For his part, the defendant contractor testifies that he has been a contractor for 23 years, and has never had a single complaint. The customer had never asked for Alabaster paint, and in fact had gone on and on about how good the paint looked when the job was done. He only made up this story about the wrong paint color to avoid paying the final invoice, and threatened to post a negative Yelp review if the contractor didn’t agree to waive the final payment. He doesn’t understand why the customer would do this, and why the judge decided that the lies were protected. He even cries a little in front of the jury.
You tell me who wins.
It’s even tougher in the context of a absolute privilege. My very first anti-SLAPP motion ever involved a defendant who had called a city council member “corrupt” during a council meeting. The councilmember took umbrage with the remark, and sued for defamation. But pursuant to Civil Code section 47 and the anti-SLAPP statute, statements made during a city council meeting are absolutely privileged. There was no evidence the councilmember could present that would overcome that absolute privilege, so my anti-SLAPP motion had to be granted.
But imagine if I had followed up with a SLAPPback. The jurors would all be sitting there thinking, “You want me to believe that you can say whatever you want about a councilmember, and they just have to take it?

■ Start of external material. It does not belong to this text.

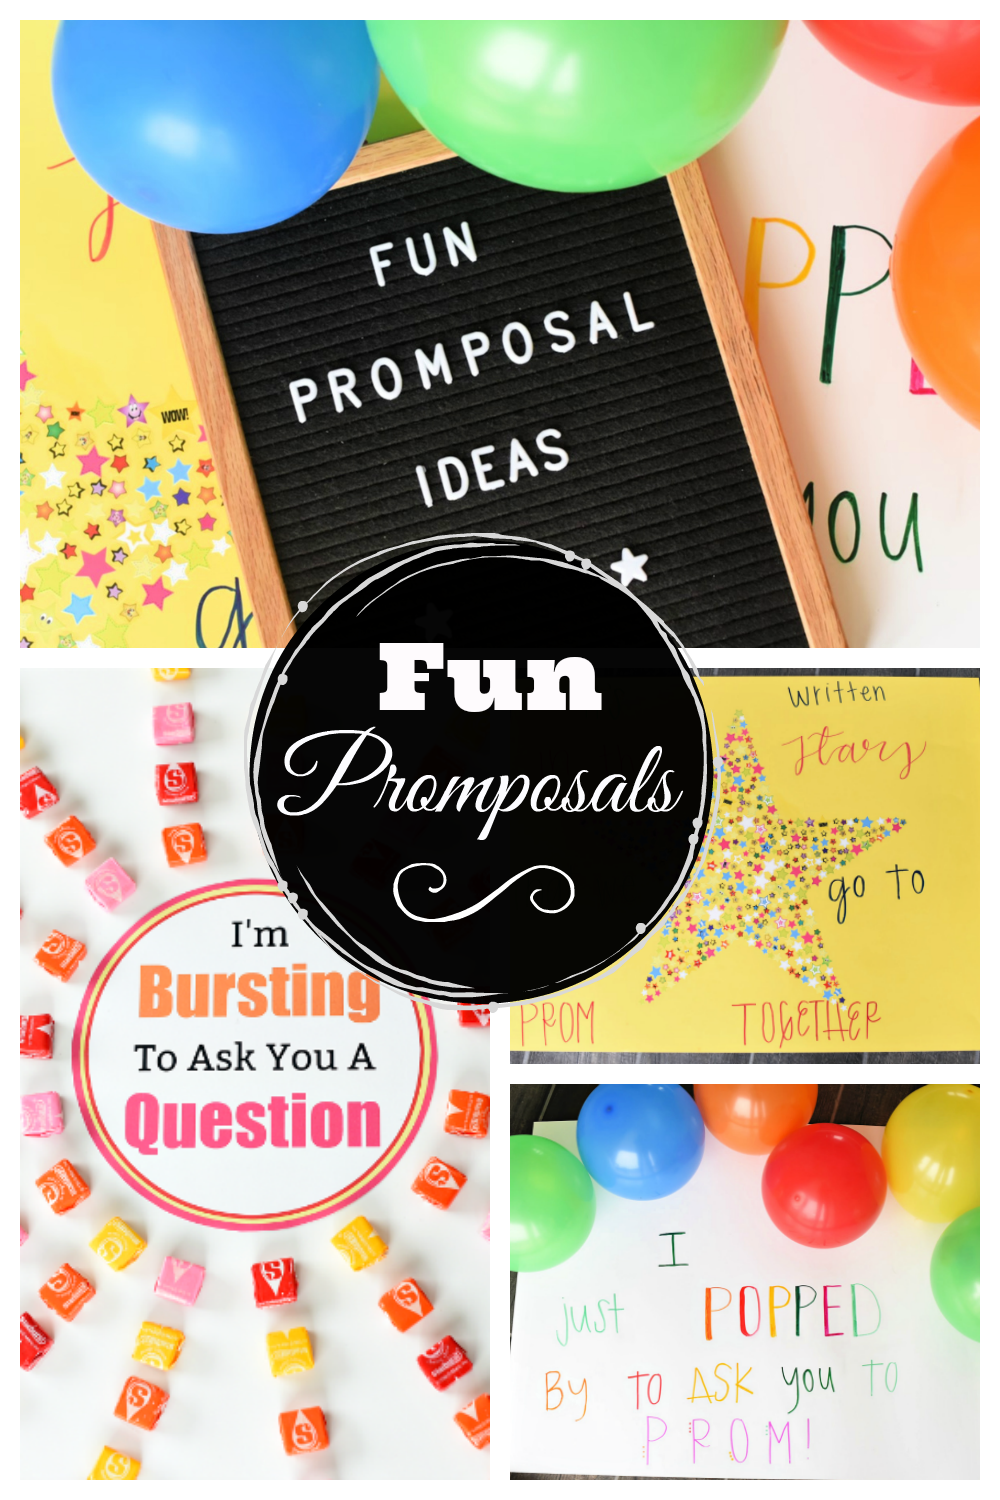 Fun and simple promposals. Invited to a high school dance? We have you covered with tons of fun and simple promposals. We love how simple these prom proposal ideas are, and they are perfect for your next dance. #promposals #promposalideas #Funpromposals #funpromposalideas

That doesn’t seem fair.” The judge would of course explain the law, but there is no guarantee that the jurors would understand.
Why can’t a SLAPPback be based on Abuse of Process?
As set forth at the beginning of this article, a SLAPPback can be based on Abuse of Process, but such a claim almost always fails. When I am asked to review a complaint containing a claim for Abuse of Process, I get all warm inside, because that always makes the complaint a SLAPP, at least as to that claim. The reason is that the “process” used by the plaintiff in the underlying action, no matter how knowingly false and evil, will not amount to abuse of process if the process was used for its intended purpose. An abuse of process claim will almost always be barred by the litigation privilege.
The case of Rusheen v. Cohen, 37 Cal. 4th 1048, illustrates the point. In that case, it was alleged that Cohen and his attorney had filed declarations, falsely attesting to service of the complaint, in order to take a default judgment against Rusheen. Using the fraudulently obtained default judgment, Cohen then obtained a writ of execution in order to seize Rusheen’s property. Rusheen sued for Abuse of Process, and Cohen responded with an anti-SLAPP motion, which was granted by the trial court, and upheld by the California Supreme Court. The court held that even if everything Rusheen alleged was true, the acts still arose from litigation and were therefore absolutely privileged under the litigation privilege.
If the alleged egregious facts of Rusheen v. Cohen would not support a claim for Abuse of Process, you’ll be hard pressed to find facts that would. But Abuse of Process claims cannot be pronounced dead just yet. The case of Brown v. Kennard, 94 Cal.App.4th 40 catalogs a few decisions where Abuse of Process claims survived the litigation privilege. Compare them to your facts to see if your case might support such a claim.
Conclusion
Do not take from any of this that a SLAPPback is never viable. Not every anti-SLAPP motion is decided in seven weeks. If there were significant attorney fees unrelated to the anti-SLAPP motion that you want to recover, or some special circumstance that would support the award of emotional distress damages, then go for it. Just make a reasonable assessment.